SciRuby / daru

Data Analysis in RUby
BSD 2-Clause "Simplified" License
1.04k stars 139 forks source link

Adds support to from_html module #311

Closed athityakumar closed 7 years ago

athityakumar commented 7 years ago

Fixes issue #219

athityakumar commented 7 years ago

@zverok @v0dro : Please review this PR. Are there any code qualities to be refined, or new options to be provided as argument?

athityakumar commented 7 years ago

I was adding another test html file from W3Schools, which is successfully being parsed. However, the strings are truncated while being displayed as a Daru::Vector, or a Daru::DataFrame - which is not desirable. I can see that the dv.data.to_a does contain the full scraped text. Yet, I can't seem to find any truncating, used in the summary / inspect functions anywhere - any help would be appreciated. :smile:

image

zverok commented 7 years ago

I was adding another test html file from W3Schools, which is successfully being parsed.

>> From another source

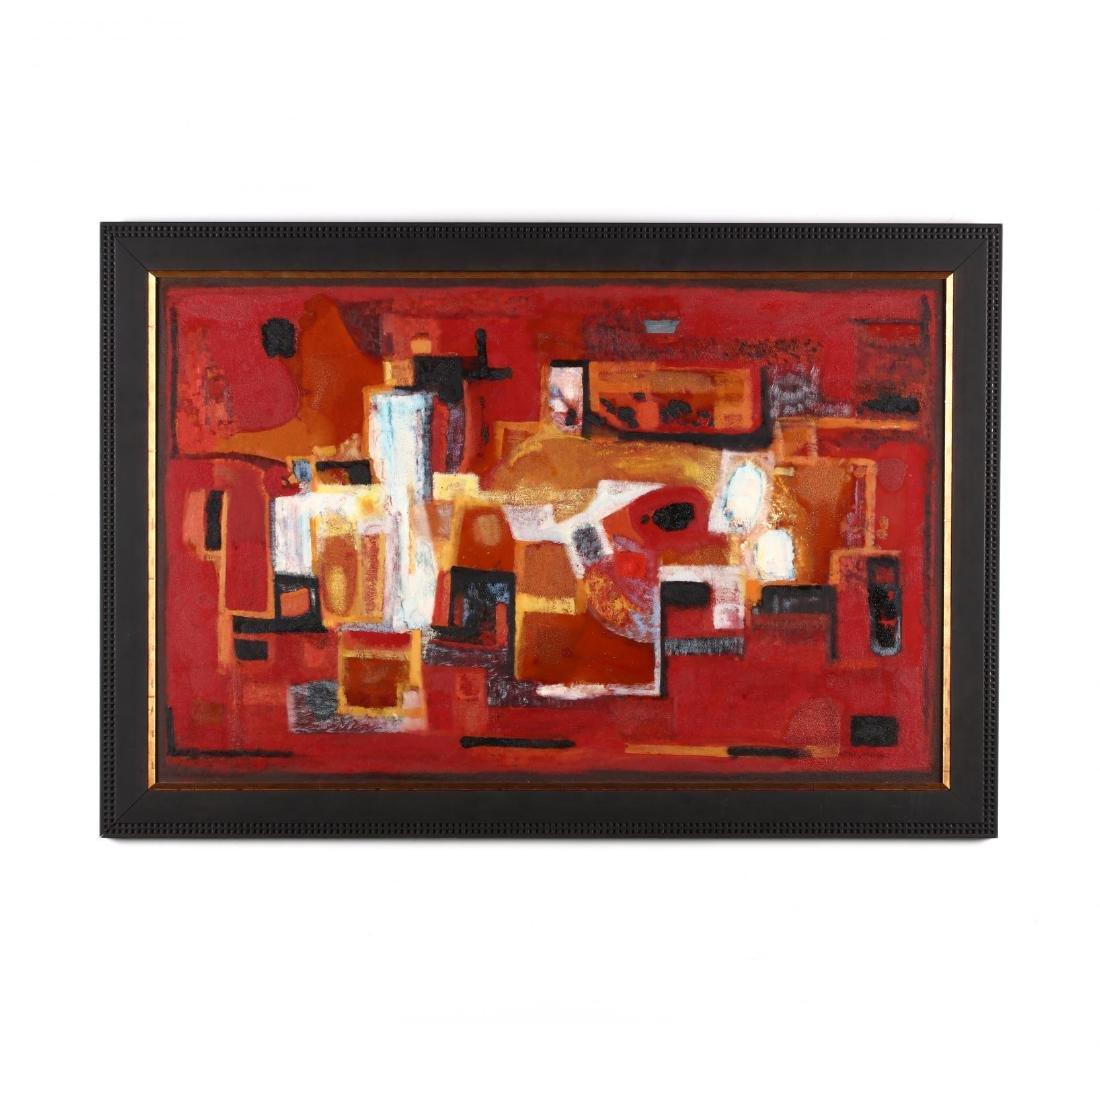 Philip Moose (NC, 1921-2001), Still Life Abstract

What's the value of it? Daru is data processing library, not school-quality HTML processing. I'd prefer to see some examples of real data, published by some organizations and useful for analysis.

However, the strings are truncated

Yes, that's the logic of dataframe's inspect, allowing reasonable output on any kind of data. It is desirable behavior. spacing parameter here is an explanation.

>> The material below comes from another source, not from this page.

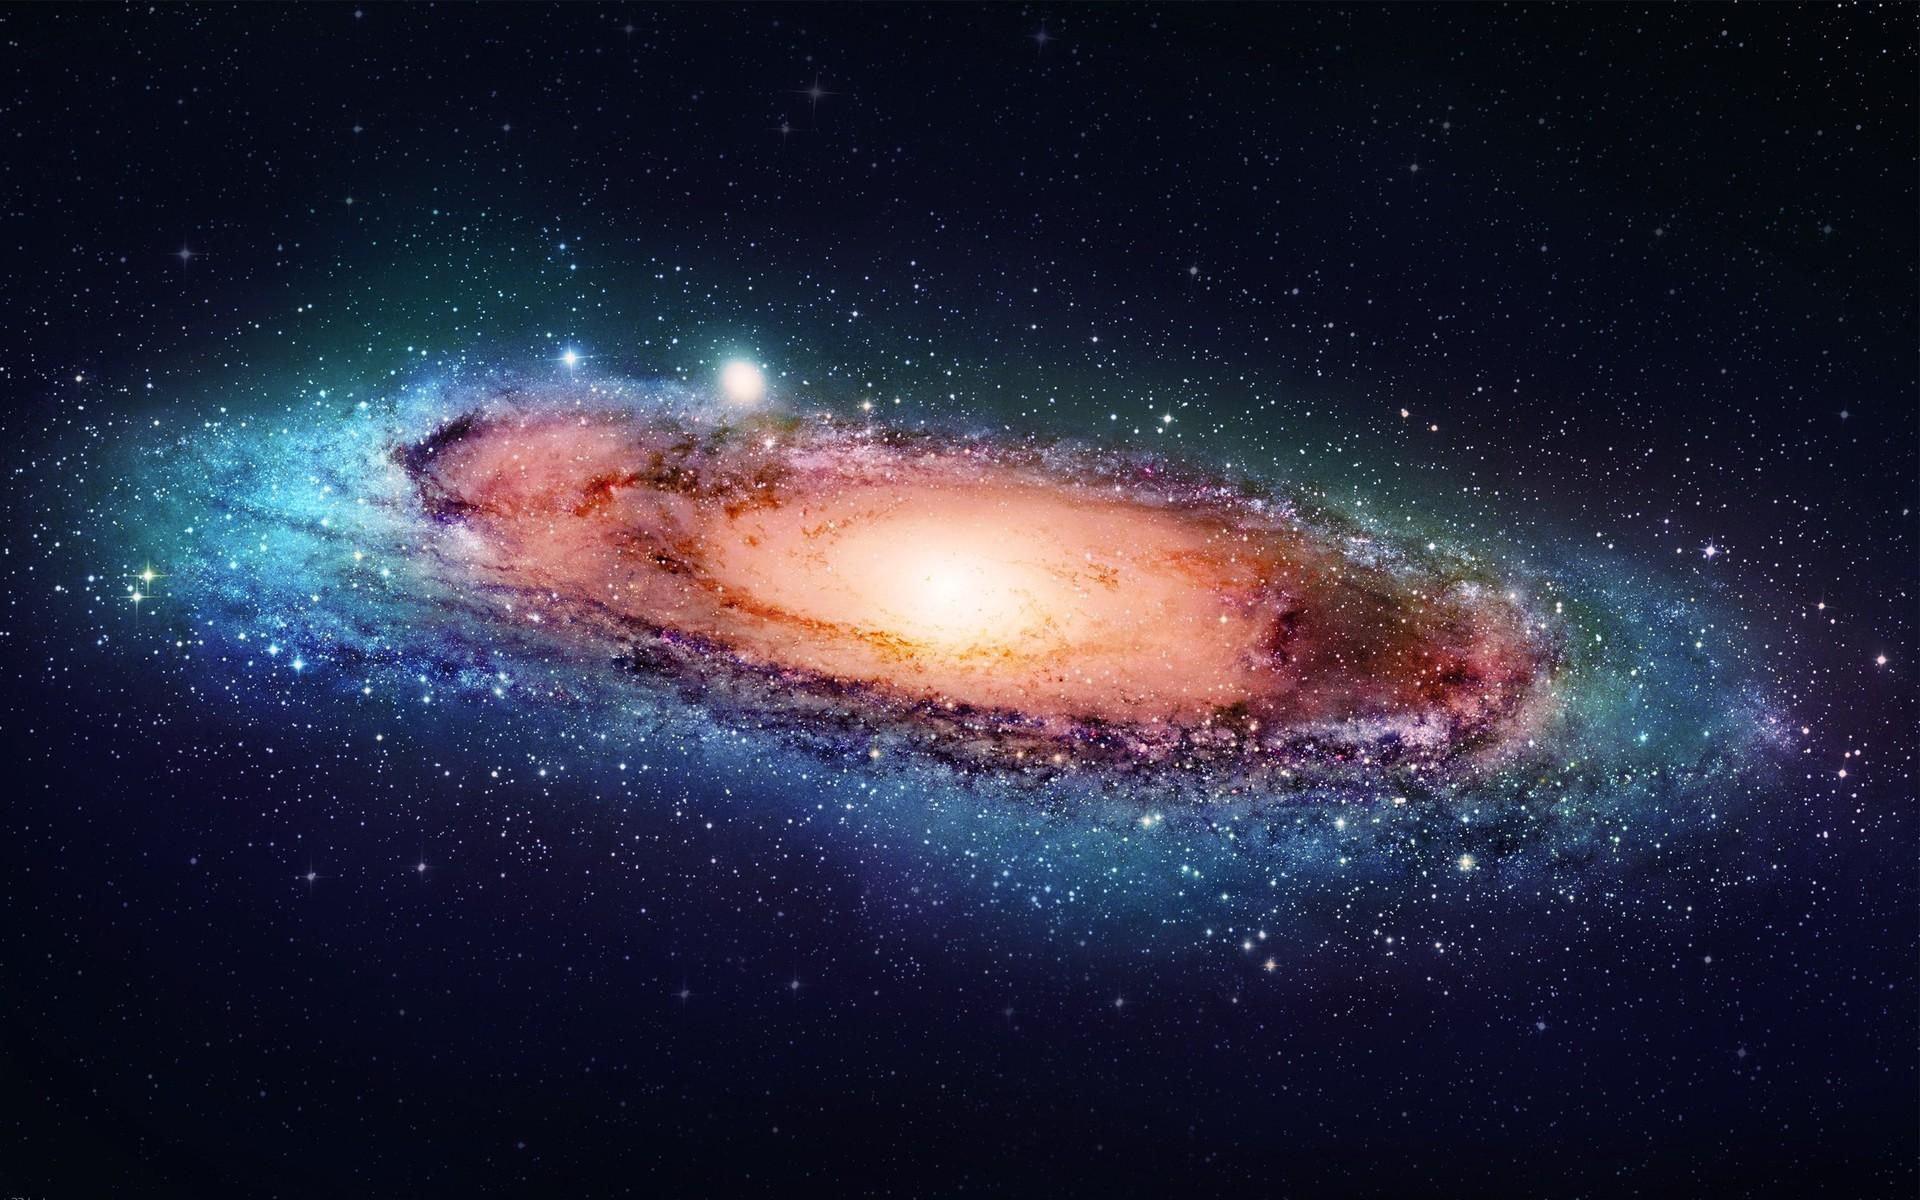 46 Andromeda Galaxy Wallpaper On Wallpapersafari

v0dro commented 7 years ago

@athityakumar can you rebase with the current master?

athityakumar commented 7 years ago

@v0dro - Sure, but this PR is still under progress - there are more tests to be added from here, and also provide more options to user like tuples , thousands, etc.

On a side note, did you mean to approve the changes on PR #303 ?

v0dro commented 7 years ago

No, I meant that the current progress on this PR is upto the mark. Updating the current master will prevent having to spend additional time later for making changes.

athityakumar commented 7 years ago

@v0dro @zverok - I've rebased with the master, and added index-detection feature too. It's review time now :smile:

athityakumar commented 7 years ago

@zverok @v0dro - I've updated the code, documentation and tests for the Daru::DataFrame#from_htmlmodule. Please review the changes. 😄

Edit : I see that the fixture HTML files added in this PR have increased the repository's size from ~3.4MB to ~4MB. Should I truncate these HTML files, keeping just relevant content like tables?

athityakumar commented 7 years ago

@zverok - I've made the spec changes. One more thing before merging. I see that the fixture HTML files added in this PR have increased the repository's size from ~3.4MB to ~4MB. Should I truncate these HTML files, keeping just relevant content like table tags?

athityakumar commented 7 years ago

Thanks. I'll soon port all the IO modules( including from_html) to daru-io. If a 0.1.0 version of daru-io is released, then we can probably remove the existing IO modules from daru. Please let me know if this can be done after porting is done.